The transaction has been unanimously approved by the boards of directors of both companies. Consummation remains subject to other customary closing conditions set forth in the merger agreement, including approval of NeoPhotonics’ stockholders and approval from the State Administration for Market Regulation (SAMR) of the People’s Republic of China.

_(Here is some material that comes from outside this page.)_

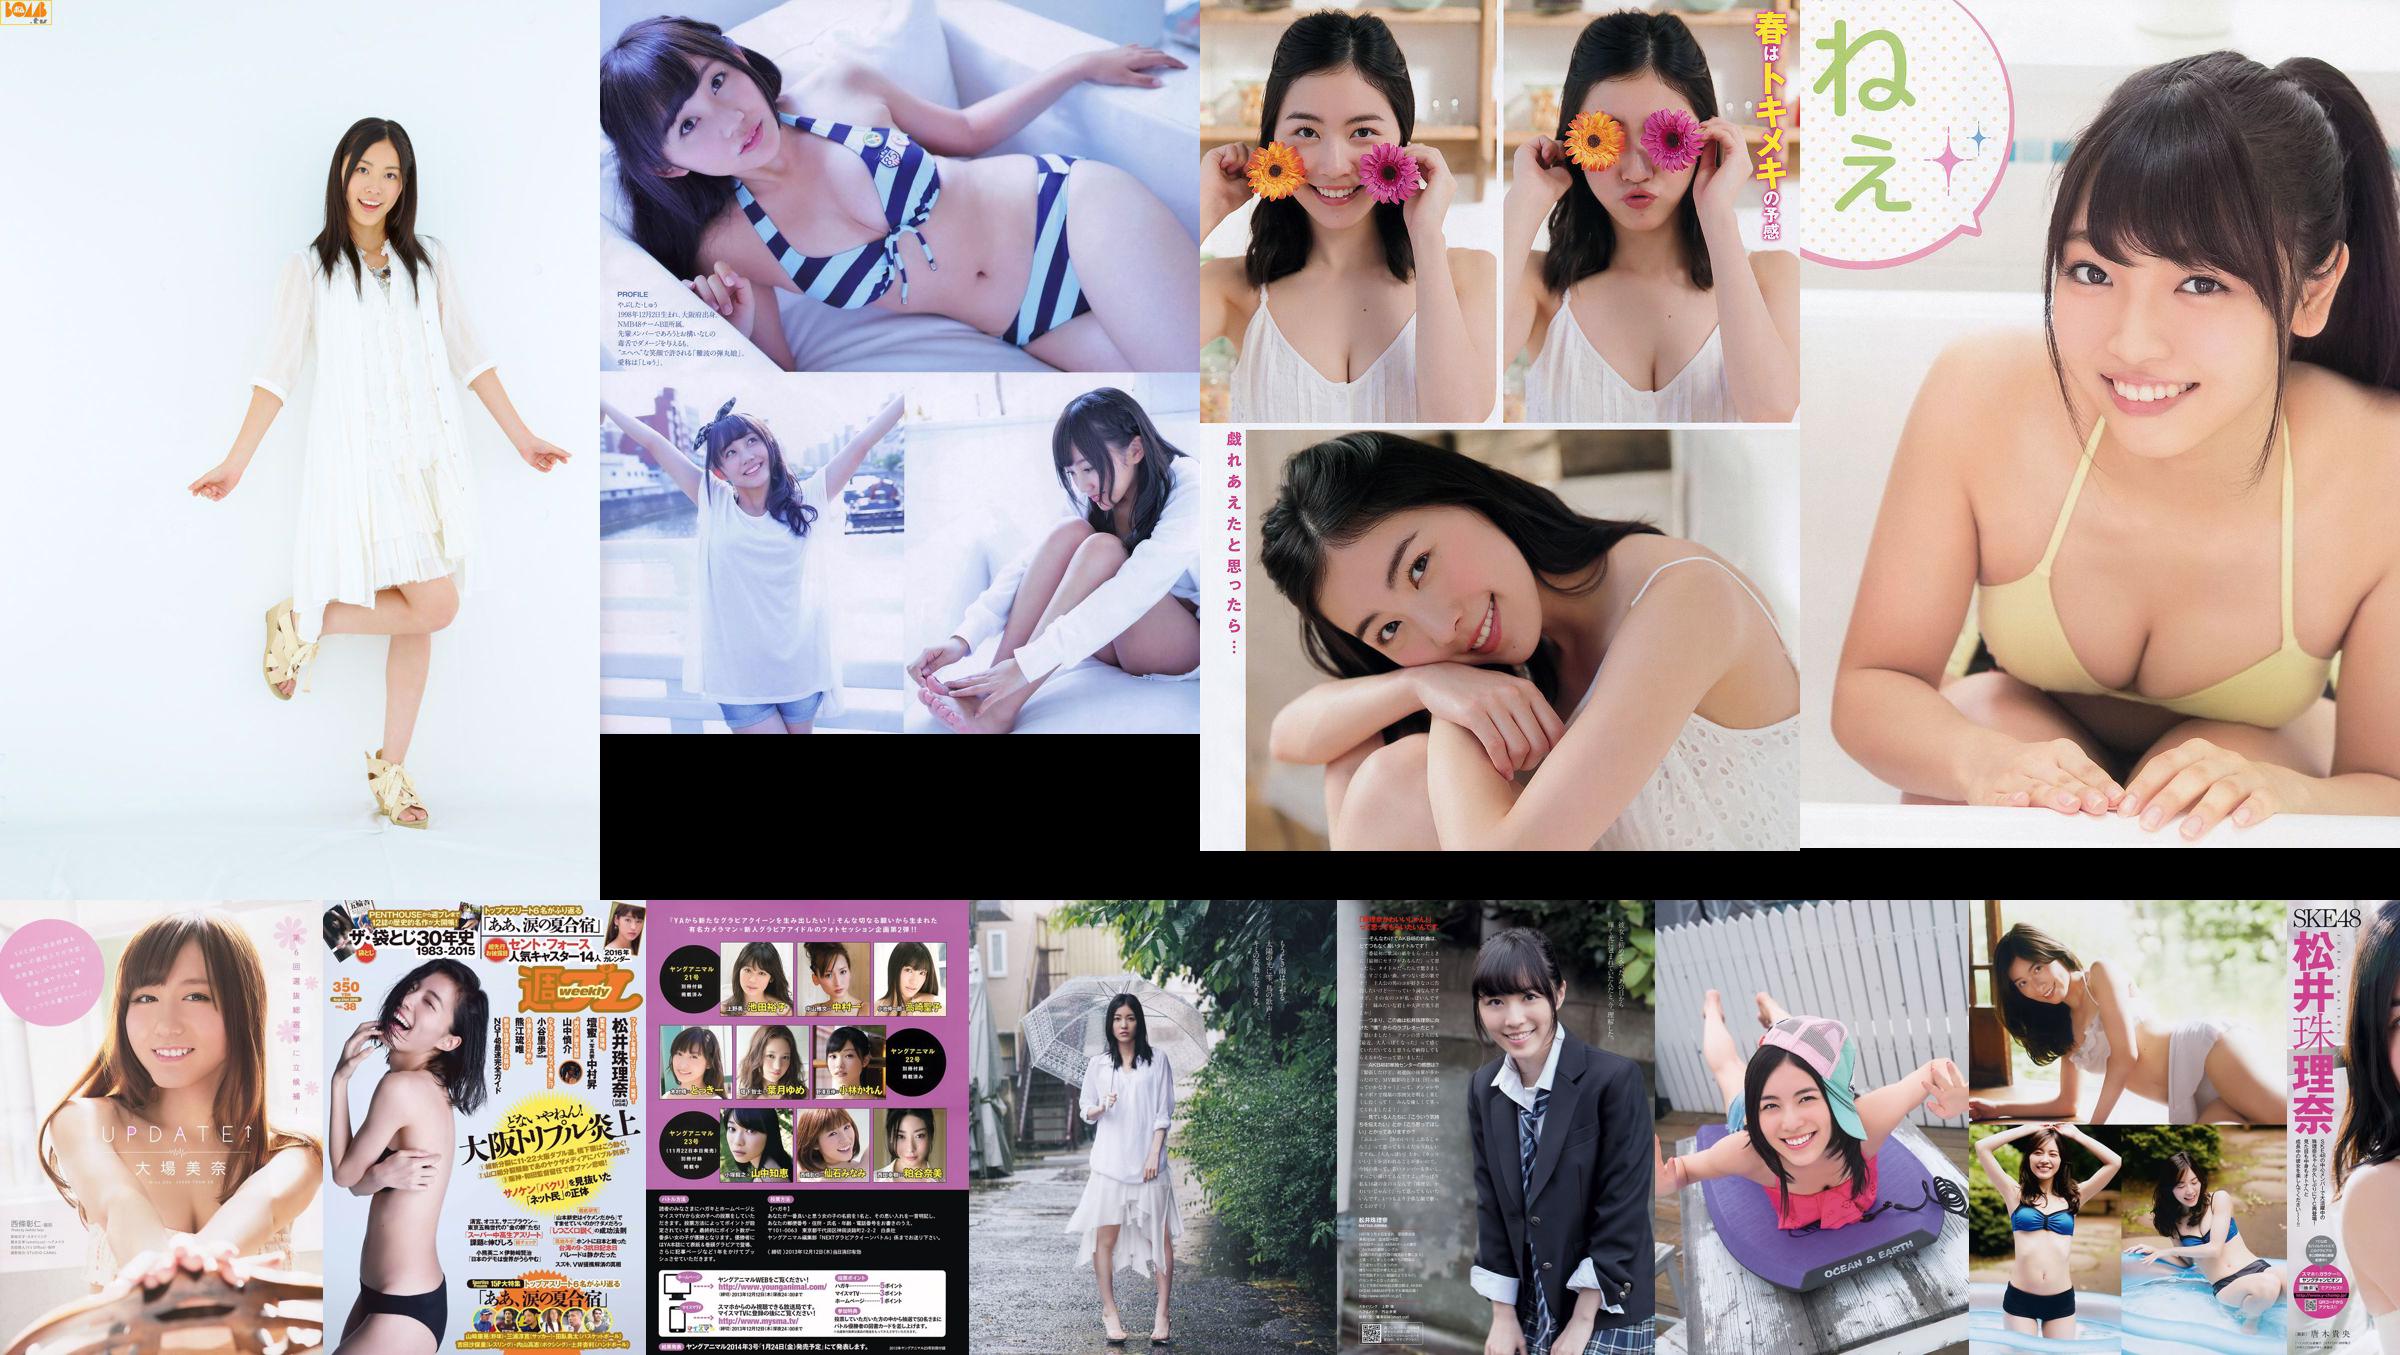 Jurina Matsui Aya Asahina Rena Kato Seiko Takasaki Mayu Watanabe Eriko Sato Ami Takeuchi Moe Amatsuka Nanano [Weekly Playboy] 2015 No.16 Photo No.fd2b94 หน้า 7

The transaction is expected to close in second-half 2022.
Lumentum reckons that the complementary combination of the two firms accelerates its exposure to and penetration of some of the fastest-growing areas of the more than $10bn market for optical components used in cloud and telecom network infrastructure. “The integrated company will be better positioned to serve the needs of a global customer base that is increasingly utilizing photonics to accelerate the shift to digital and virtual approaches to work and life, the proliferation of IoT, 5G and next-generation mobile networks, and the transition to advanced cloud computing architectures,” says Lumentum. “The combination creates a stronger partner for customers, with the ability and intent to invest strongly in innovation and manufacturing capacity,” it adds.
Lumentum reckons that there are significant efficiency gains to be made through the acquisition, derived from increased scale, reducing redundancies and leveraging the best capabilities in the combination. The combined firm is expected to generate more than $50m in annual run-rate synergies within 24 months of the finalizing the acquisition. The transaction is expected to be immediately accretive to combined non-GAAP earnings per share upon closing. The combined company is expected to have a solid balance sheet and strong operating cash flows, creating substantial financial flexibility to pursue continued growth initiatives.